Artificial intelligence stands at a fascinating crossroads. The last five years have been dominated by the meteoric rise of large language models (LLMs) — systems like GPT, Claude, Gemini, and LLaMA that can write essays, code software, and converse with startling fluency. They have reshaped industries, challenged creative work, and sparked a global conversation about the future of intelligence.
But beneath this excitement, a growing number of researchers are asking whether this text-driven approach represents the endgame of AI — or just another phase. Among the most compelling critics is Richard Sutton, a Turing Award–winning computer scientist widely regarded as the father of reinforcement learning (RL). Sutton has spent decades exploring what it truly means for a machine to be intelligent, and his conclusion is provocative: LLMs might be an impressive detour, not a destination.

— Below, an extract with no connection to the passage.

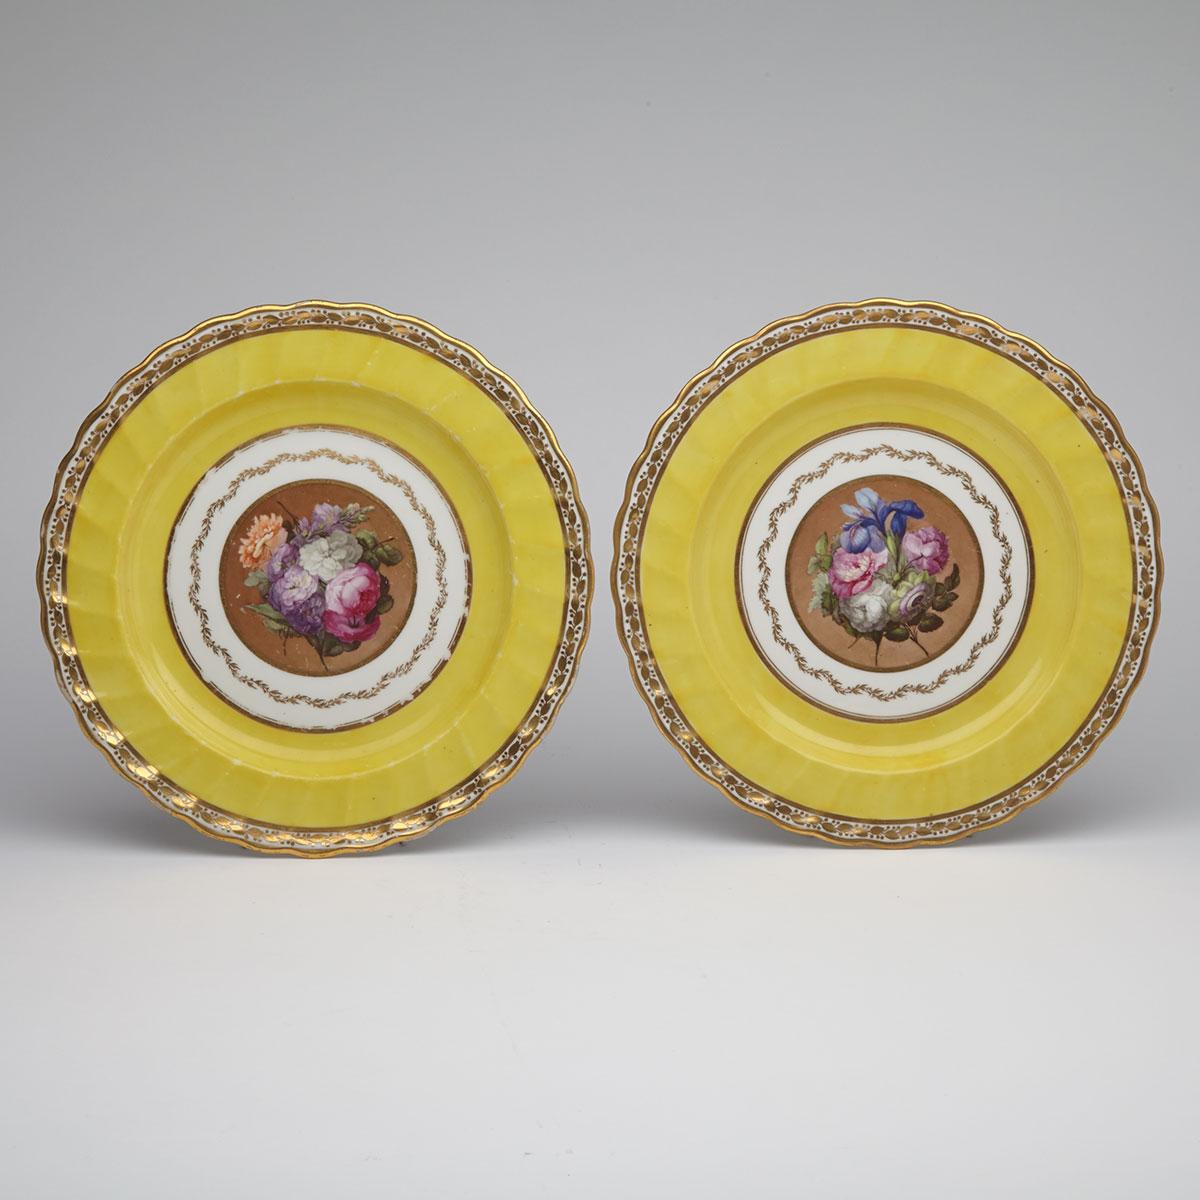 Pair of Derby Yellow Ground Plates, c.1795-1800

Sutton argues that the next great leap in AI will come not from larger datasets or more parameters, but from experience-based learning — systems that interact with the world, learn from their own actions, and pursue goals. In other words, the future of AI may depend less on how well machines mimic human speech, and more on how well they understand and act within their environment.
From Mimicry to Understanding: Two Competing Paradigms
At the heart of this debate lies a philosophical split about what intelligence really is. LLMs, by design, learn to predict the next word in a vast corpus of human text. Their brilliance lies in imitation: they distill trillions of human experiences into statistical patterns of language. The result is an uncanny ability to respond in ways that sound informed, coherent, and often insightful.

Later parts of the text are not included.